## INSTRUCTIONS FOR THE TASK
If pictures appear in the lines below, skip them and copy exactly the lines from the one containing "St Barnabas Church" through the one containing "NAUTICA cotton knit", and nothing else.

## RECORDS SUPPLIED
######

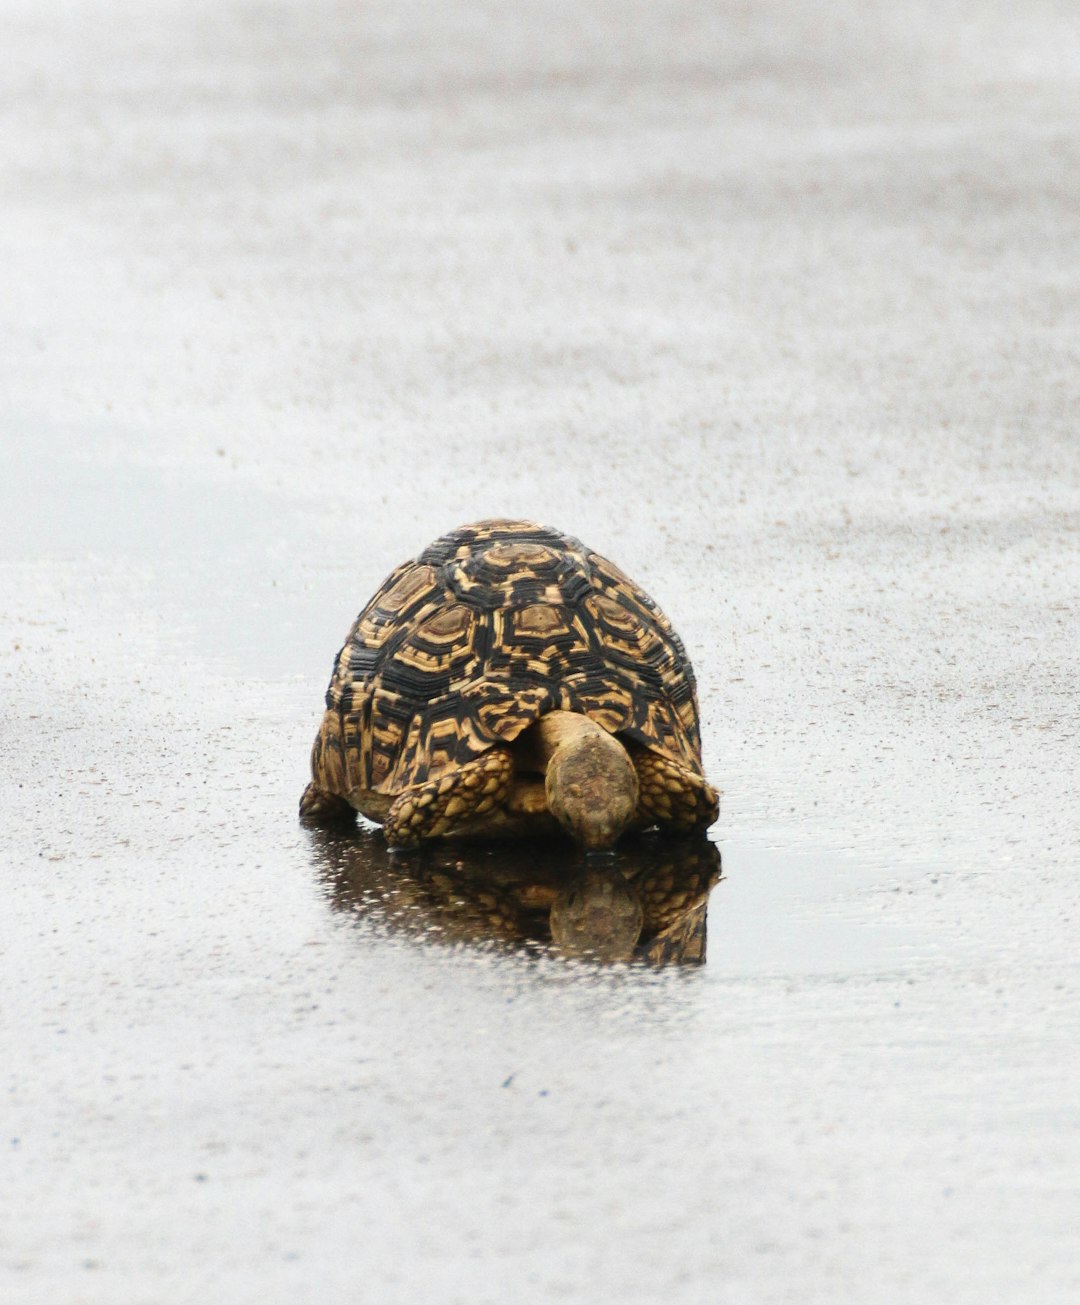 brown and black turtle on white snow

######

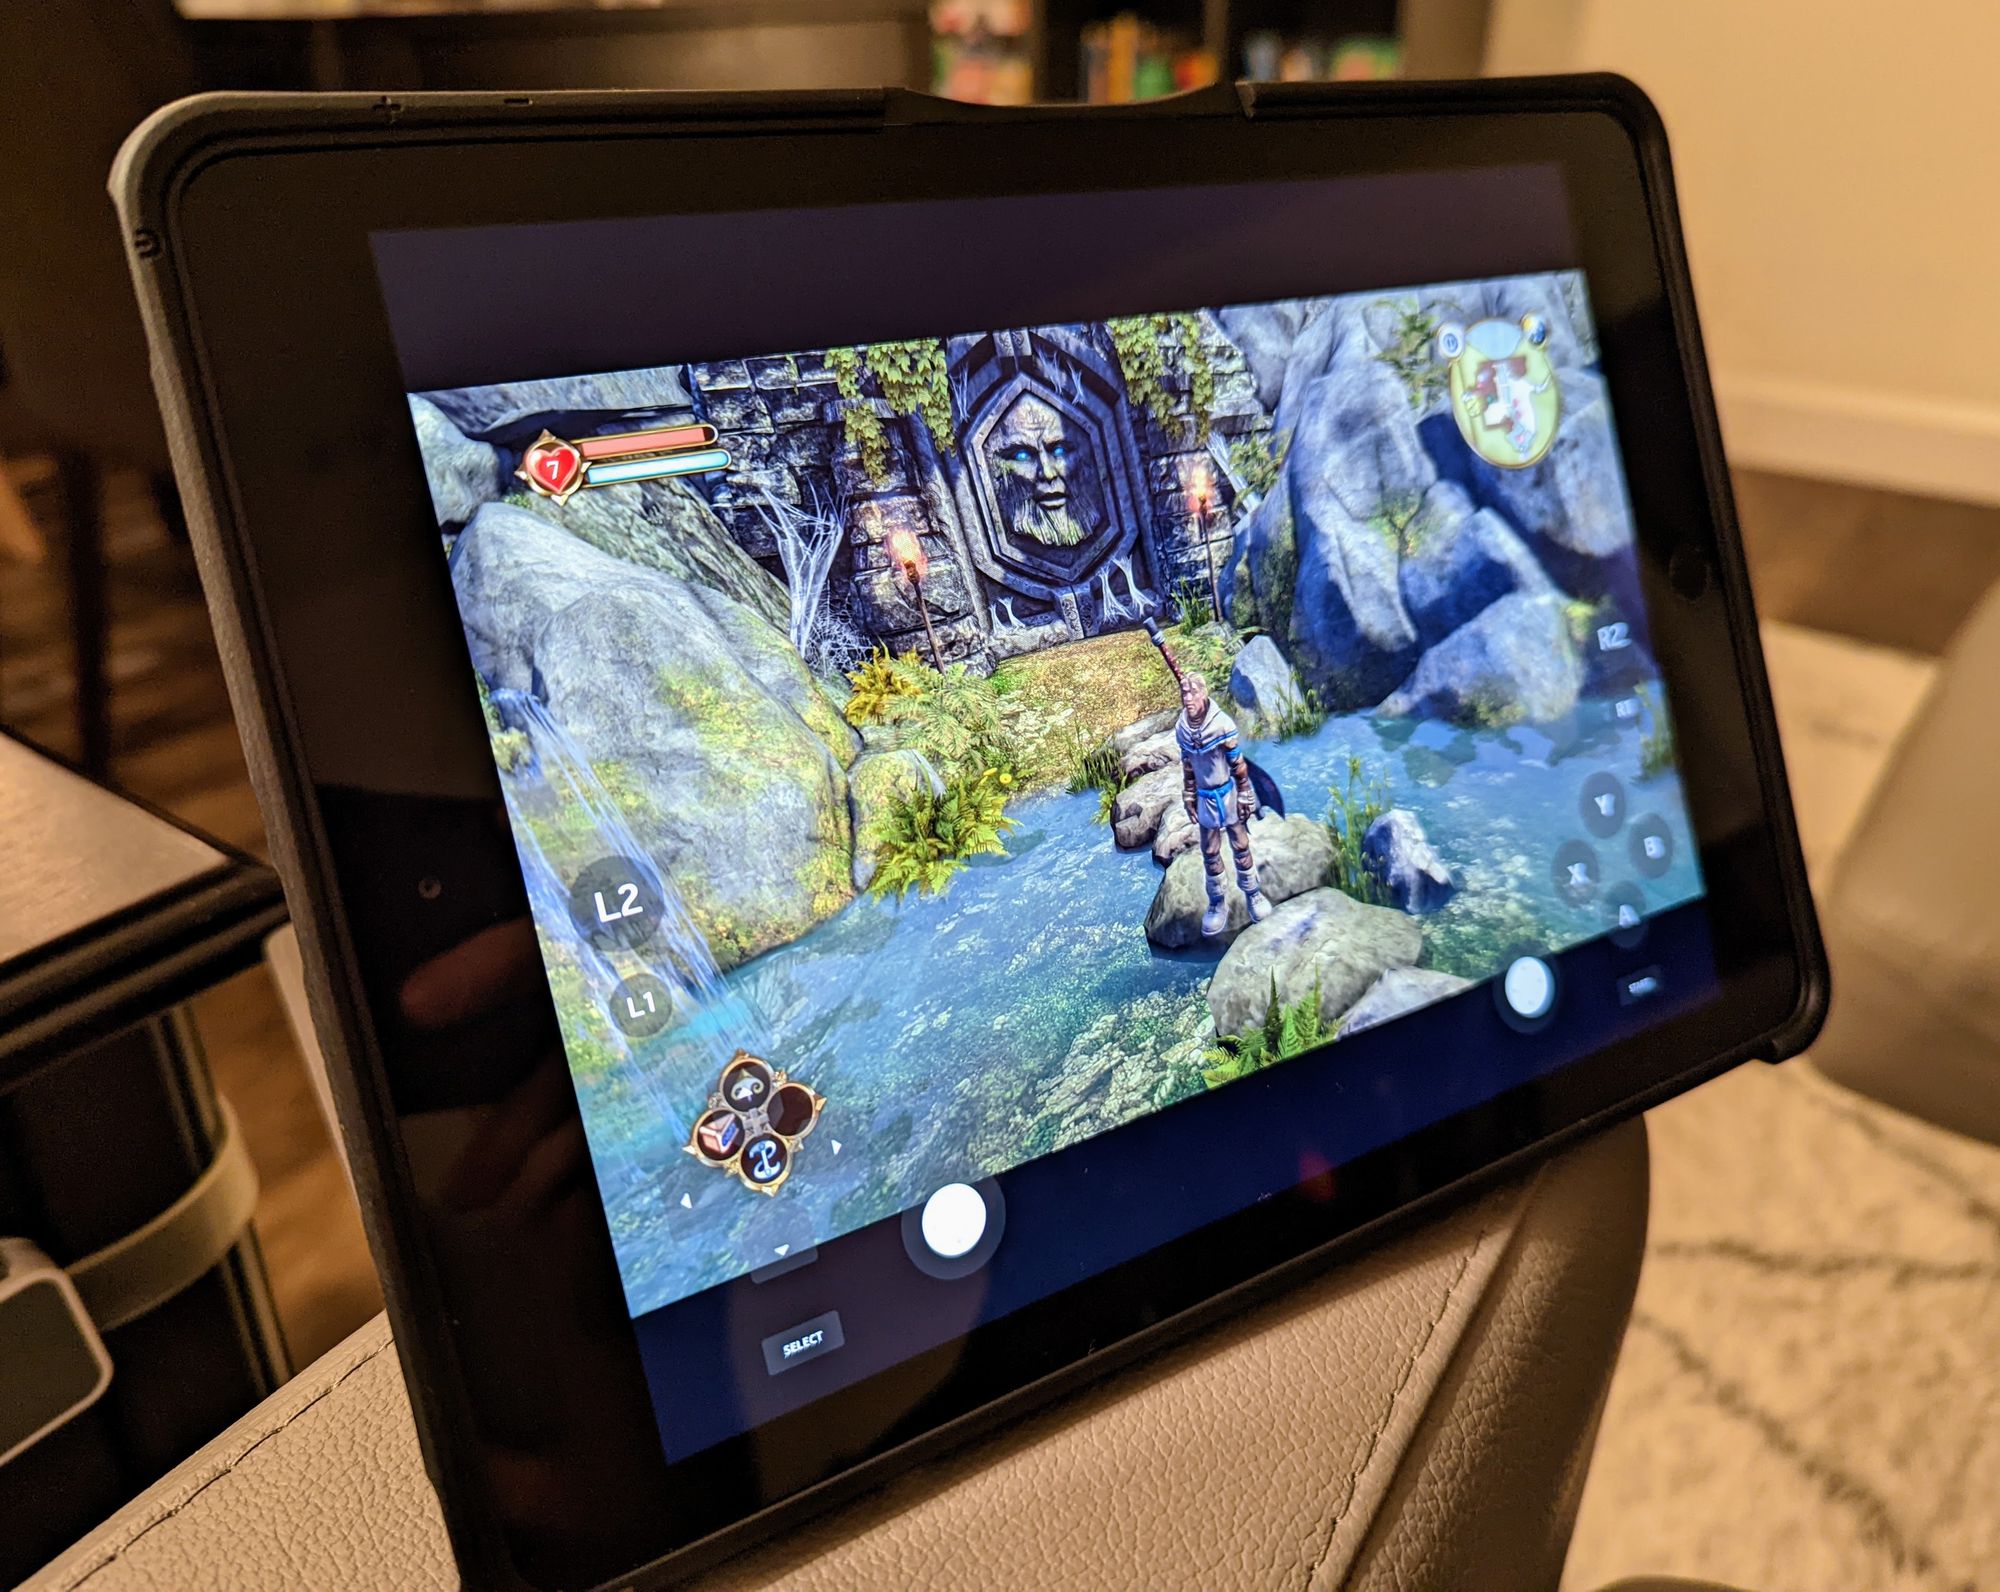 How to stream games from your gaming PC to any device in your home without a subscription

######

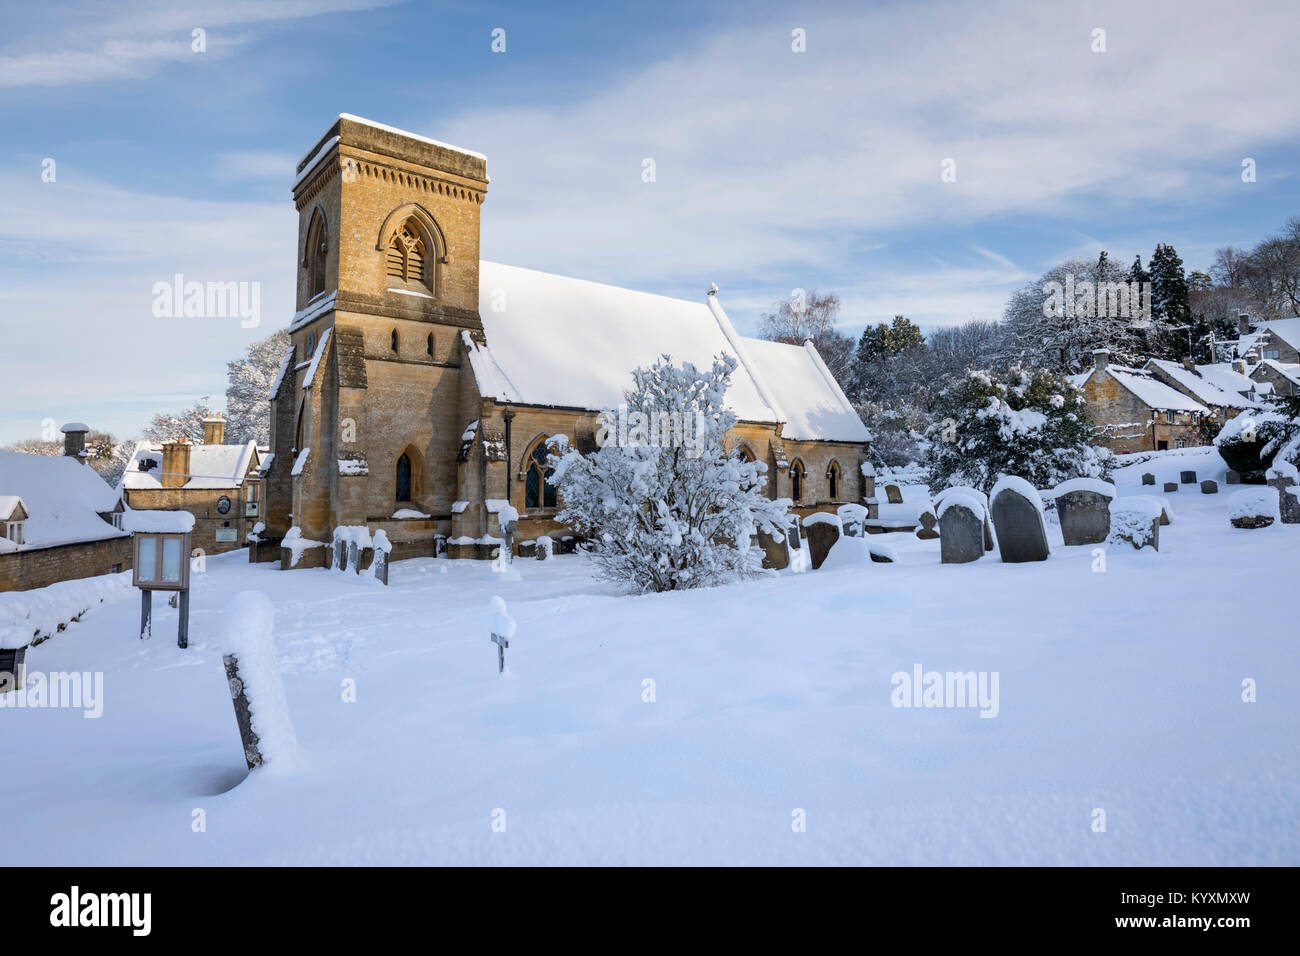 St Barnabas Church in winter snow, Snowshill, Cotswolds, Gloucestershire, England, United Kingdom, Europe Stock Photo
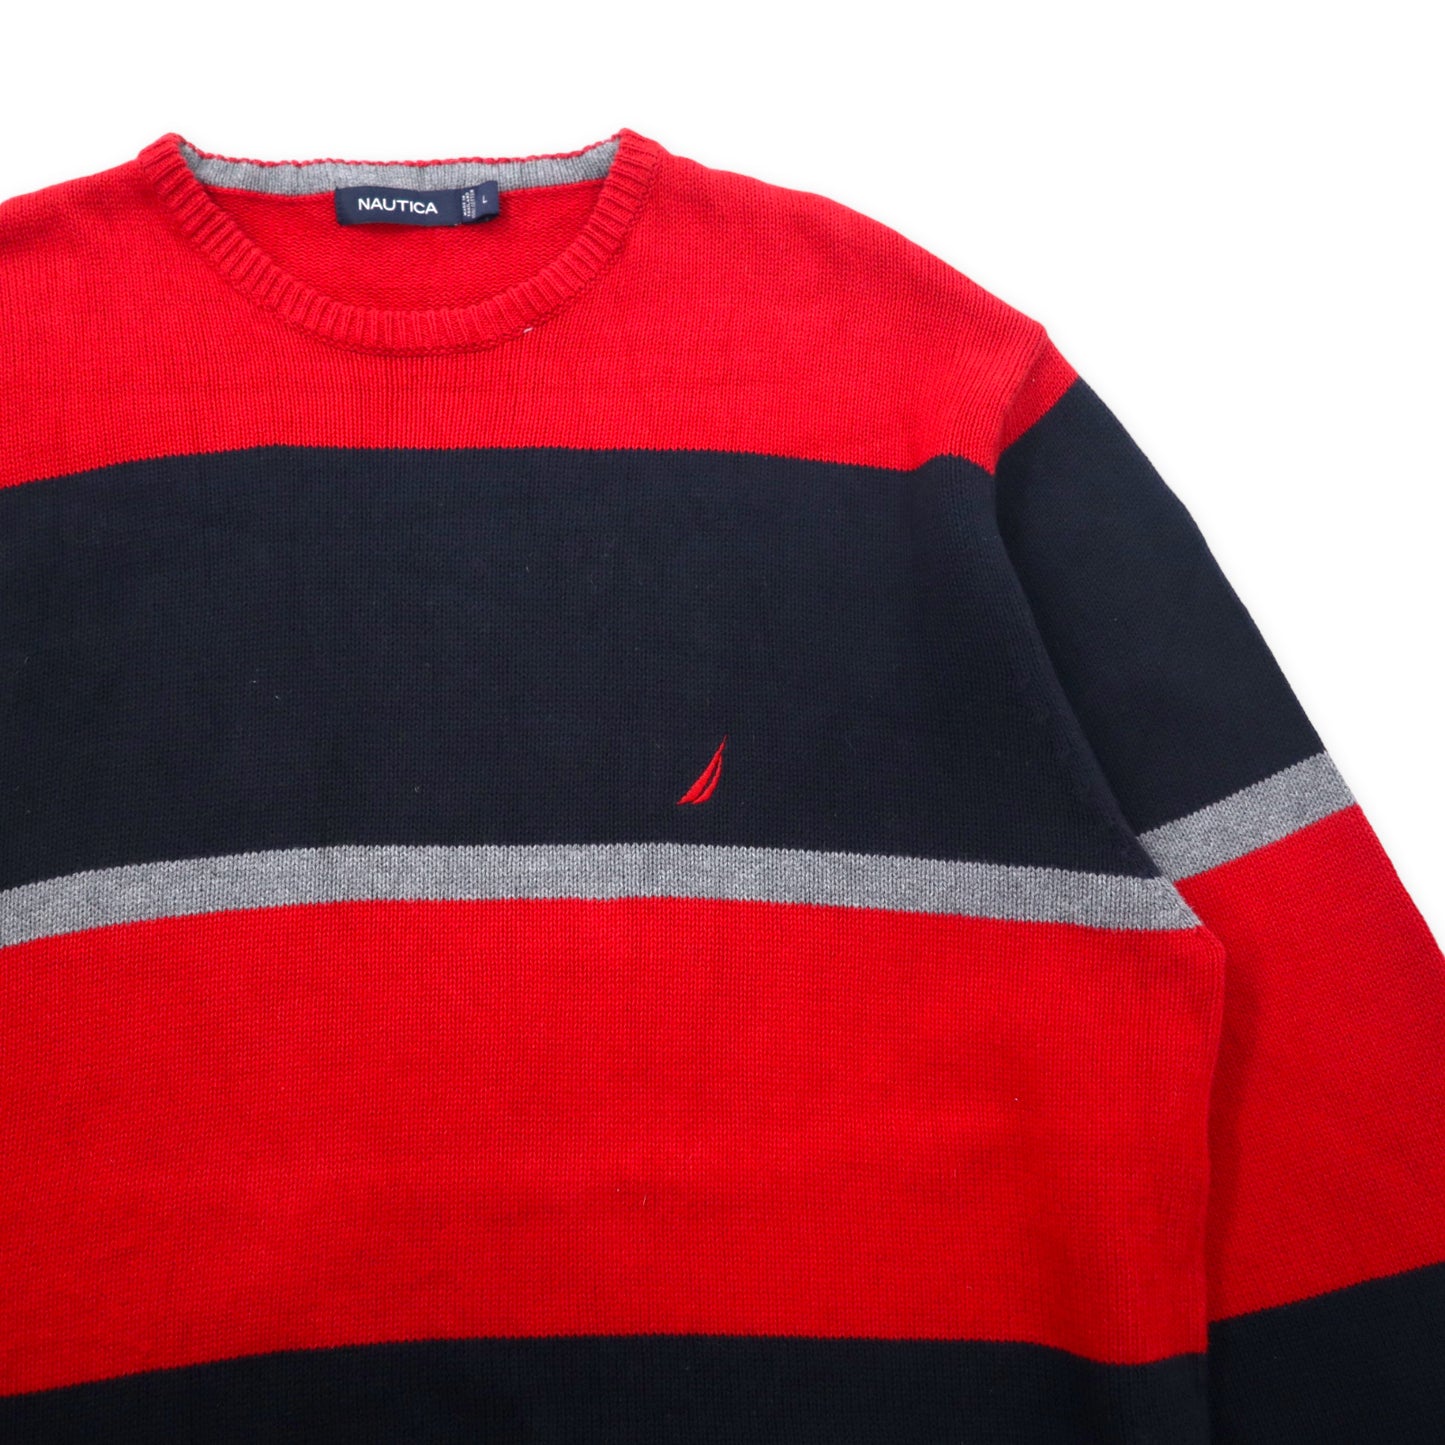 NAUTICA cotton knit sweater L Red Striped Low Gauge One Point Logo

######

## RESPONSE TO THIS EXERCISE
 St Barnabas Church in winter snow, Snowshill, Cotswolds, Gloucestershire, England, United Kingdom, Europe Stock Photo
 NAUTICA cotton knit sweater L Red Striped Low Gauge One Point Logo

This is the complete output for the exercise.